The underlying causes of deforestation in Indonesia are complex. The Rainforest Alliance and SAN are working with other local and international NGOs to hold the loggers, plantation managers, miners, government agencies and other actors accountable for the declining forest and biodiversity in this region, as in other areas. We will put the spotlight on uncooperative and illegal operators and verify -- through the certification process -- the best management practices of progressive forest and plantation managers.

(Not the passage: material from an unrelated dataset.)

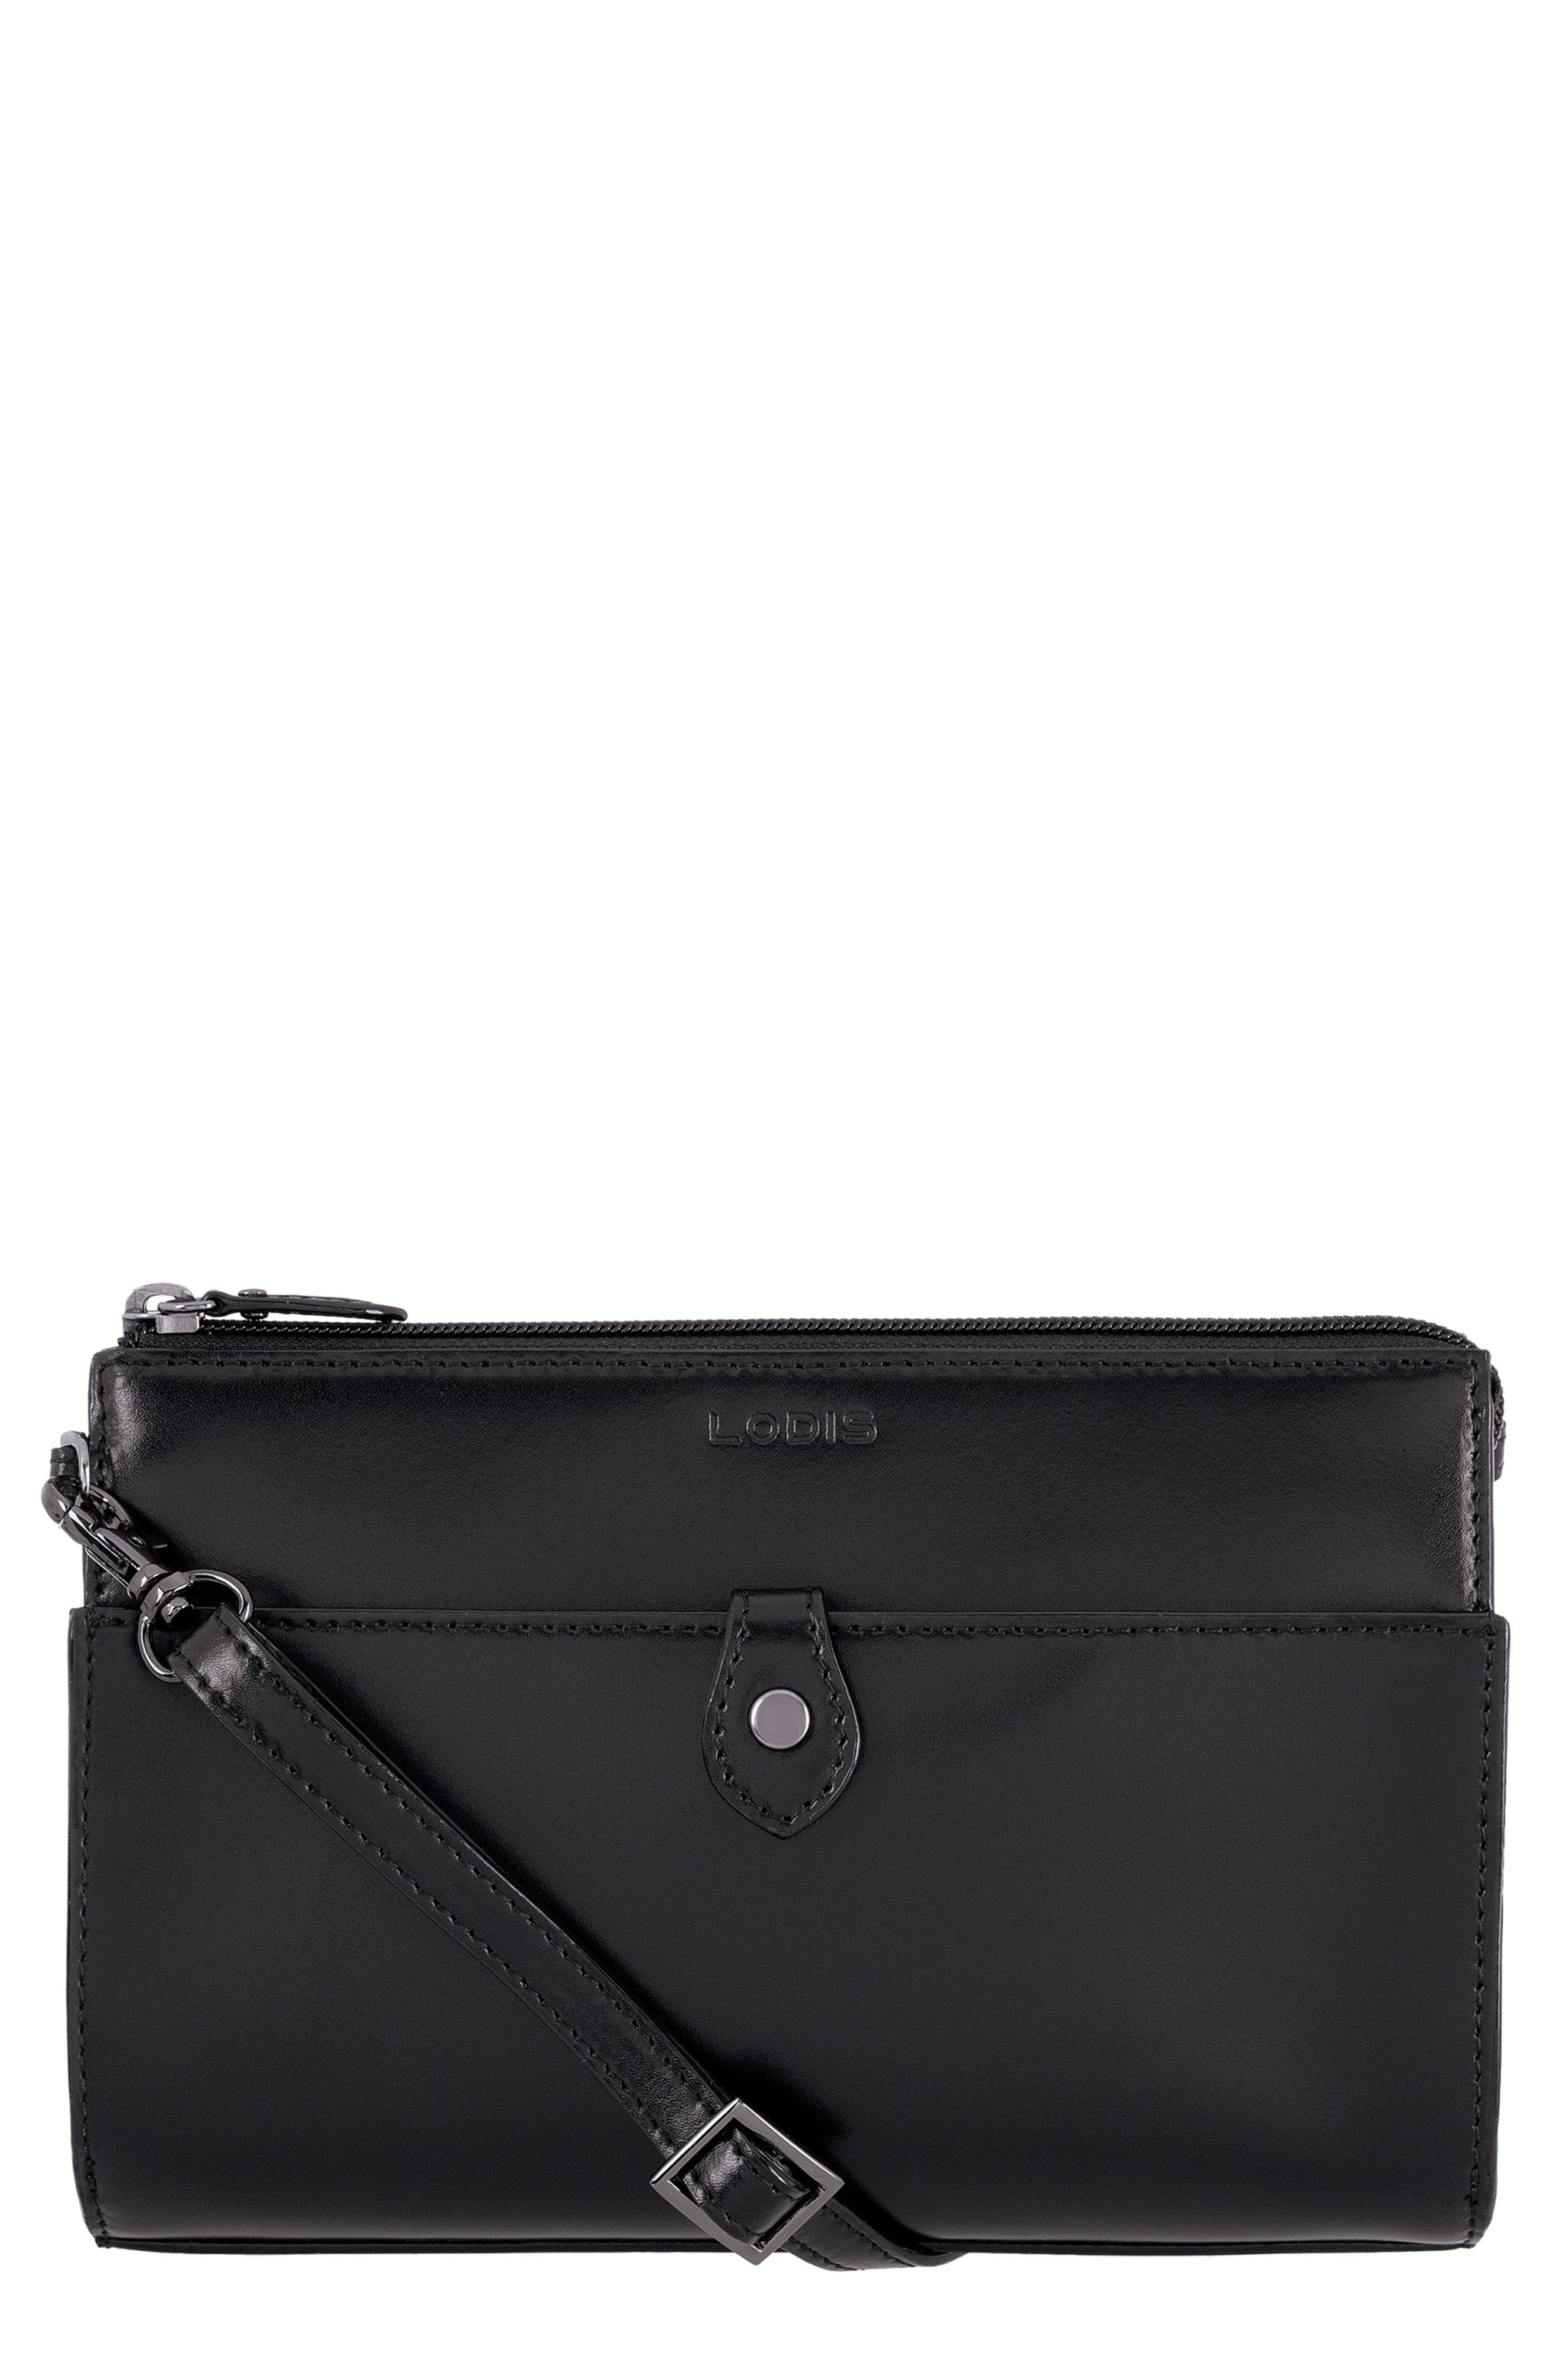 LODIS Los Angeles Audrey Under Lock & Key Vicky Convertible Leather Crossbody Bag

Palm oil is used in a range of products from food products to soaps, body care and cleaning products, and latterly in the production of biofuels. Focusing attention on one product which contains a small percentage of palm oil risks missing the bigger problem of needing to tackle the serious issue of how to increase the percentage of supply of palm oil which comes from sustainable sources. Currently this percentage is very low and given the commitment of many companies to source all their palm oil from sustainable sources by 2015 a lot of work needs to be done to ensure the availability of such supplies. The Rainforest Alliance accepts the practical realities of ensuring an adequate and traceable supply of palm oil from plantations that are certified as being well along the path toward sustainability. We, along with others, are working tirelessly to address this.

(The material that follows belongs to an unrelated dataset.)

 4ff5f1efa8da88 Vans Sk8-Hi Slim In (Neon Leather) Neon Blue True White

When the Rainforest Alliance Certified™ seal appears on multi-ingredient products, the ingredient which is covered by our standard is clearly and transparently labeled. This is the best practice policy across all independent certification systems. The Rainforest Alliance continues to work with those companies producing such mixed-ingredient products to bring other appropriate products under suitable, independent certification. In addition the Rainforest Alliance requires a risk assessment for these non-certified ingredients before the use of the Rainforest Alliance Certified™ seal is granted on these products.